TeraTeam UK Teradata DBA Definition
Skewing:
Data on a Teradata system is distributed across the AMPs solely on the basis of the primary index (using a hashing algorithm) . Therefore, if the primary index is a unique one, the data is distributed evenly.
Example, 100mb of data with a unique primary index on a 100 AMP system, with a unique Primary index would assign 1 mb of data to each AMP.
Teradata assigns space on the basis of the maximum space usage one AMP times the number of AMPs, so max space usage here is 1mb x 100 AMPs = 100mb of space for 100mb of data = perfect distribution. Each AMP is always assigned the same space for each table, regardless of use.

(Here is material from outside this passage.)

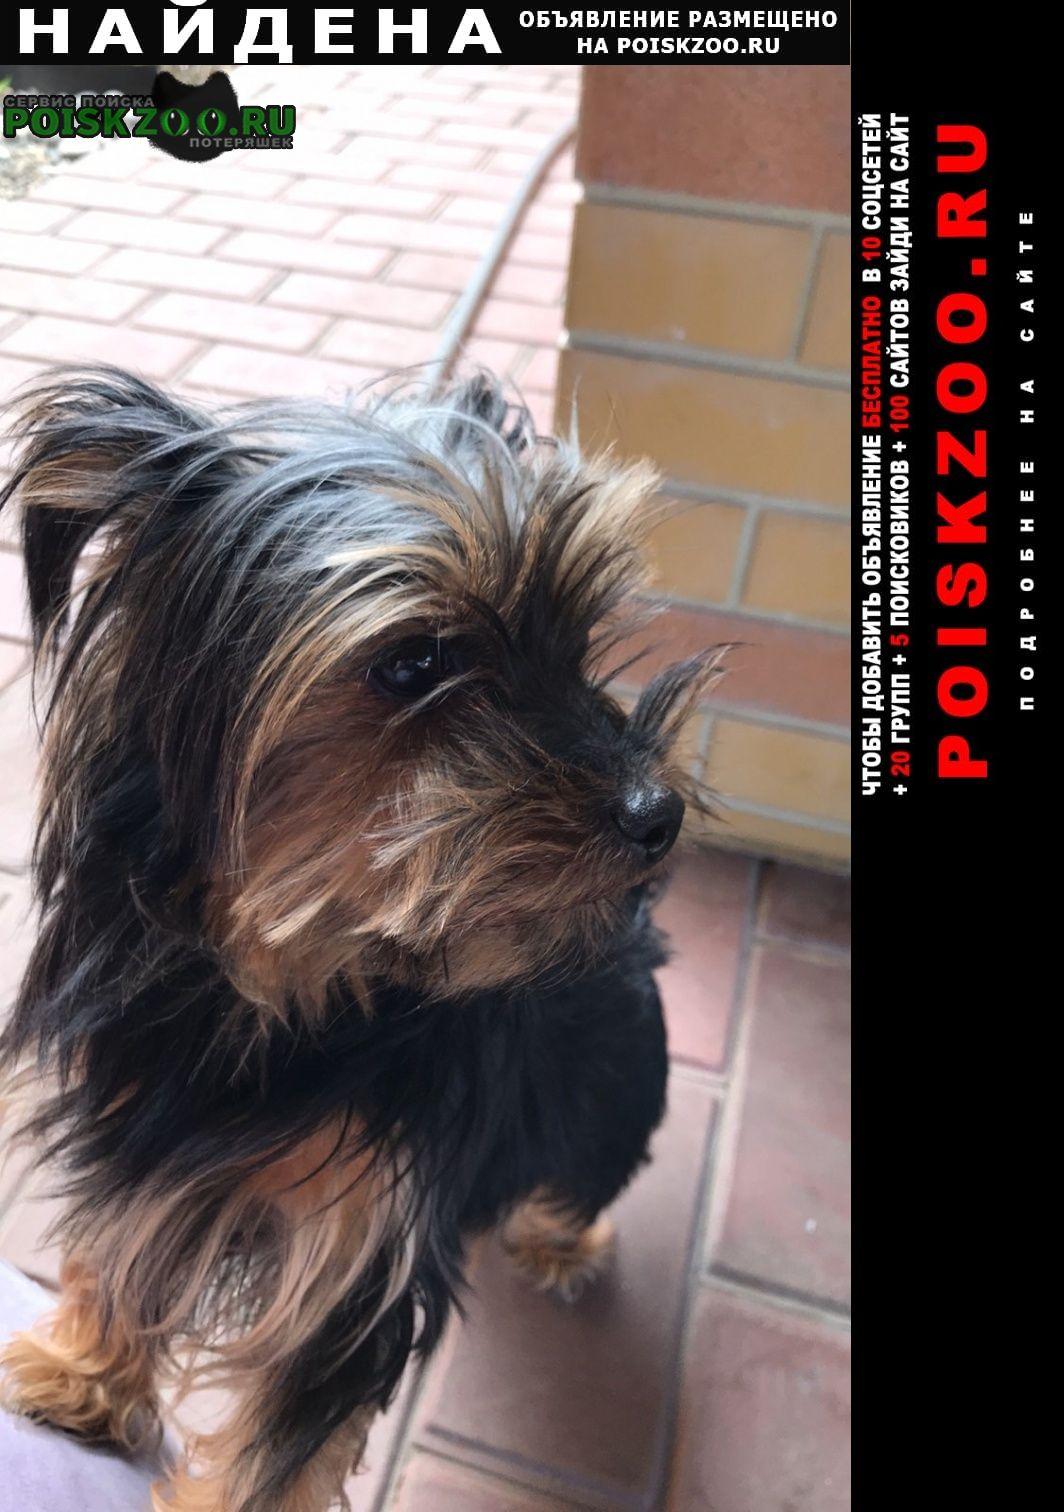 Найдена собака Саратов

However, if the Primary index choice for a table is non-unique, for an extreme example, in error a user creates a table with a PI of ‘sex’ with a choice of only male and female then the data is distributed only across 2 AMPs of the (hypothetical) 100. Thus 50 mb each on 2 AMPs. Space usage is then calculated as the maximum on a single AMP (50mb - assuming a 50/50 split between M and F) x 100 AMPs = 5000mb of space, so the data takes up 50 times the space on the system as each AMP has 50mb of space assigned for this data.
When this happens the table is said to be skewed.
Skewing in Queries.
In joins, the data is distributed on the joining columns.

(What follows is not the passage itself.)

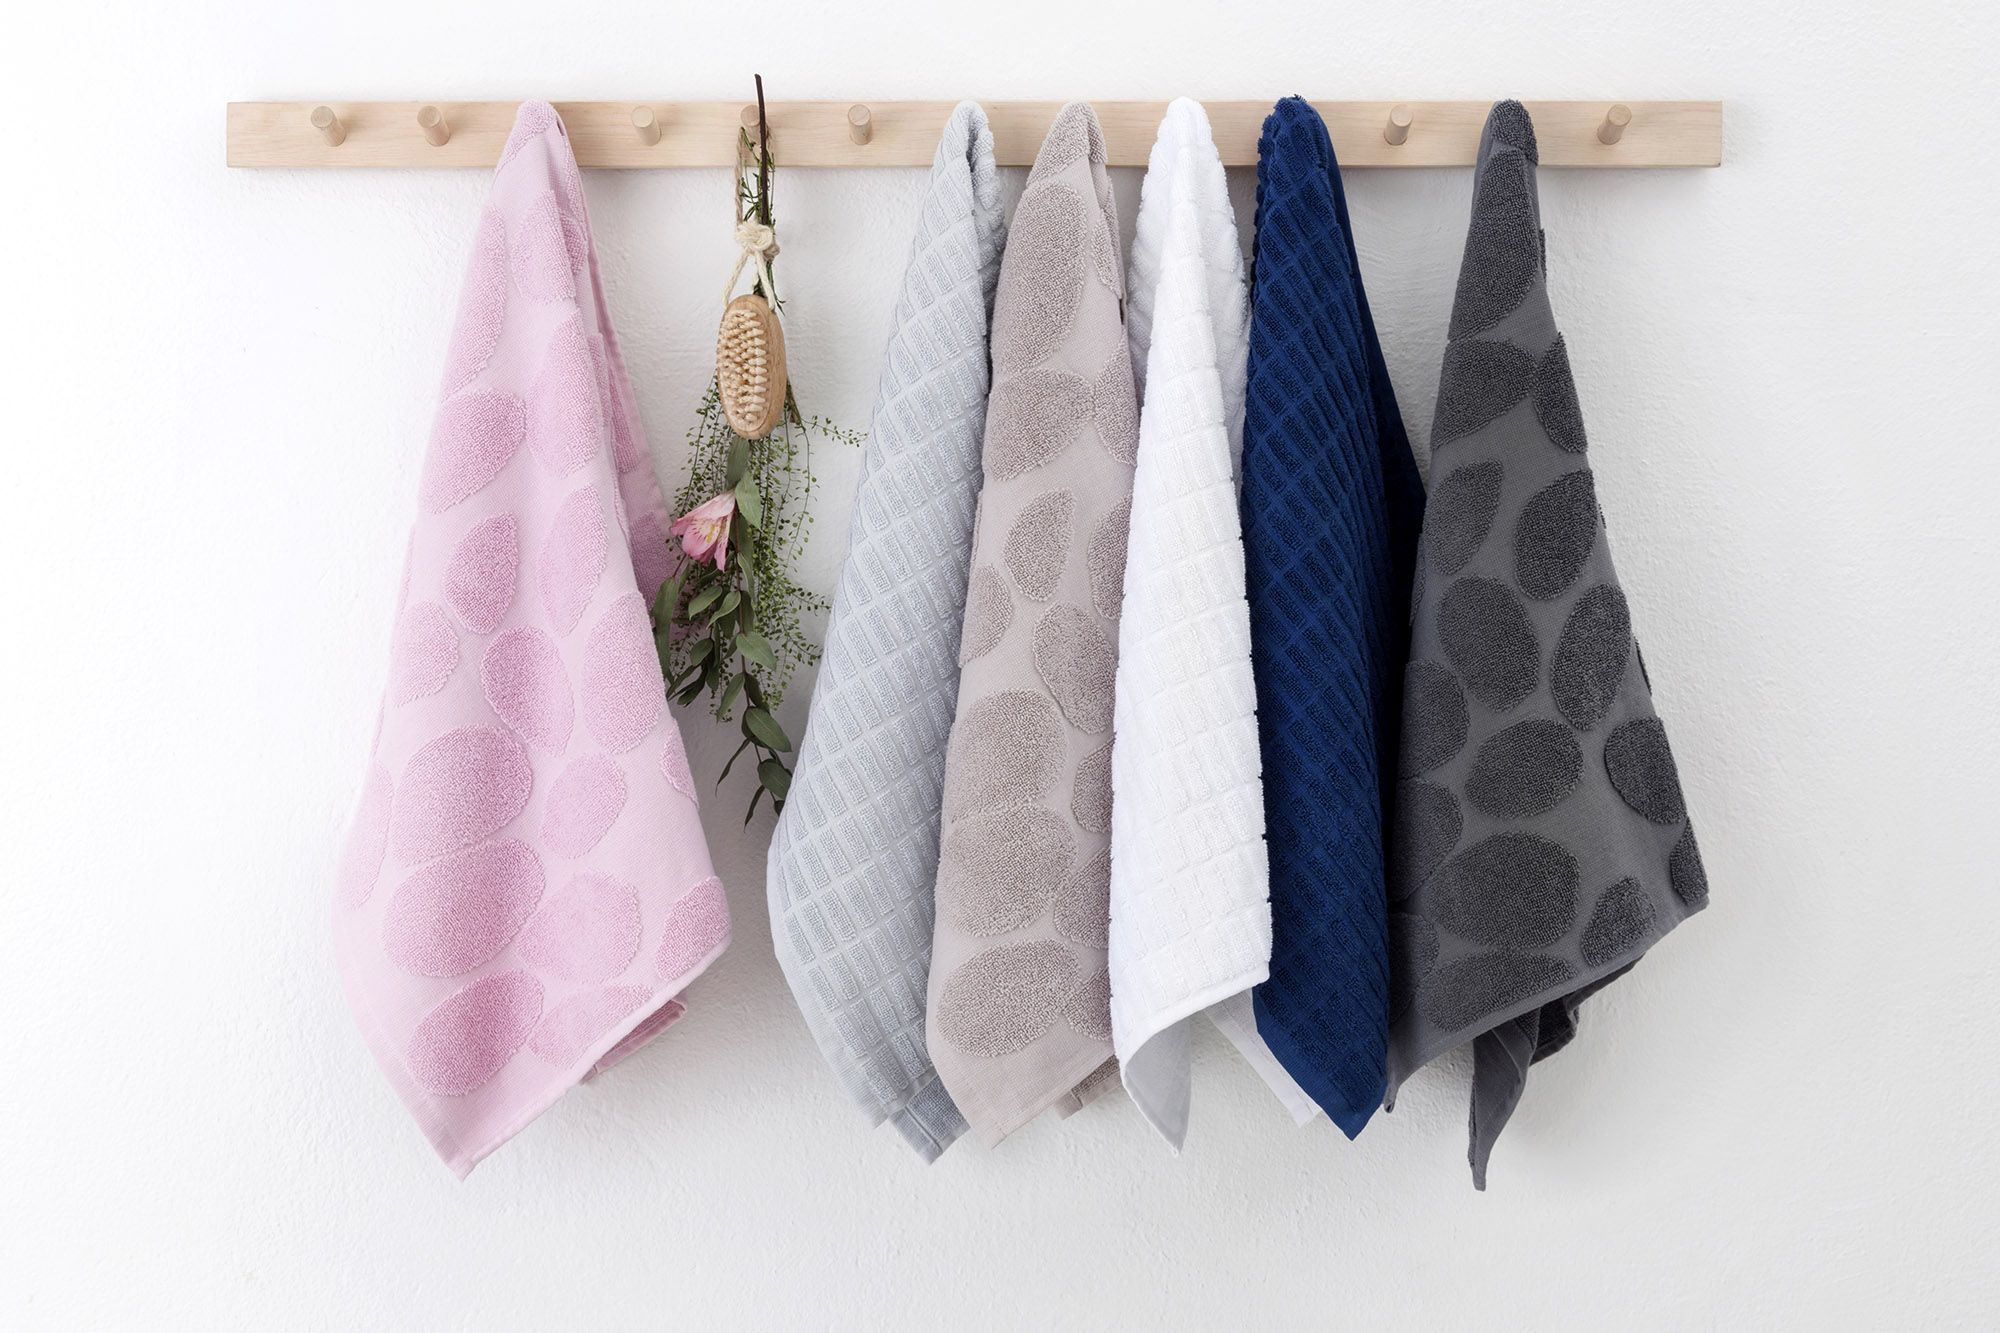 Tippa and Tokka towels by Riina Kuikka

When joining 2 (or more) tables, in order to perform the join, Teradata must have the data on the same AMP.
If the query is joining the tables on identical PI values, the data is already on the same AMP and no redistribution takes place. This is extremely efficient.
However, when joining tables with different PI's, or joining on non-PI values, the data for at least one table must be redistributed on the joining columns in order to perform the join. This may done in Spool or Memory depending on the size of the tables (or subsets of table data) selected.
Therefore the uniqueness of the joining column values is now a deciding factor in Spool distribution.
Where tables or spool are distributed on non-unique values, leading to a handful of Amps having most of the data, this is referred to as being 'skewed'.
Queries on Skewed data will take proportionally longer to run - queries on data distributed evenly over 240 Amps will be 10 times quicker than data distributed evenly on 24 Amps. This is because the query is only as fast as the slowest Amp.
Skewed Spool is created when data is redistributed by the optimiser on Columns which contain skewed values.
95% of occasions when a User receives a message that his query has run out of spool, the cause is: Skewed data or Skewed Spool. Because Teradata calculates a users total spool requirement by examining the amp using the most spool and then multiplying this value by the number of Amps.
Example:
Table STAFF_DETAILS
Staff_Number (Unique Primary Index)
First Name (non- unique many values - some repeated frequently)
Last Name (non- unique many values - some repeated frequently)
Location (non- unique many values - some repeated frequently)
Country (Very Non-Unique, mostly 'UK' for the sake of argument)
Sex ( Extremely non-unique - only 2 values)
No_Dependants (Extremely non-unique)
The above table will have only one entry per Staff_Number and as this is the Unique PI, distribution will be excellent.
A join on 'Staff_number' to another table with a PI of Staff_Number will be very efficient.
A join on 'Last Name' will produce some skewing, with popular values such as 'Smith', 'Davies' or 'Patel' producing Amps with proportionally higher workloads. This may produce a Spool space error dependant on data volumes.
A join on 'Sex', having only 2 values will distribute on only 2 Amps and is almost certain to produce a spool error (unless there are very few rows involved). The exception being that if the joining table is very small (one row for each value perhaps then the small table will be duplicated on all AMPs, assuming up to date statistics exist which let the Optimiser know the correct numbers of values.
You may have already deduced therefore that a query that runs effectively on 100 Amp system may not work on a system with 200 Amps if the data IF the data is not distributed evenly. In the above example, distribution on the Surname 'Smith' may produce a peak Amp Usage of 150mb on a 240 Amps system where the user has 40GB (166 per AMP) and will just run. If more Amps are added, the spool is divided further and the 150mb peak may now therefore blow the users spool.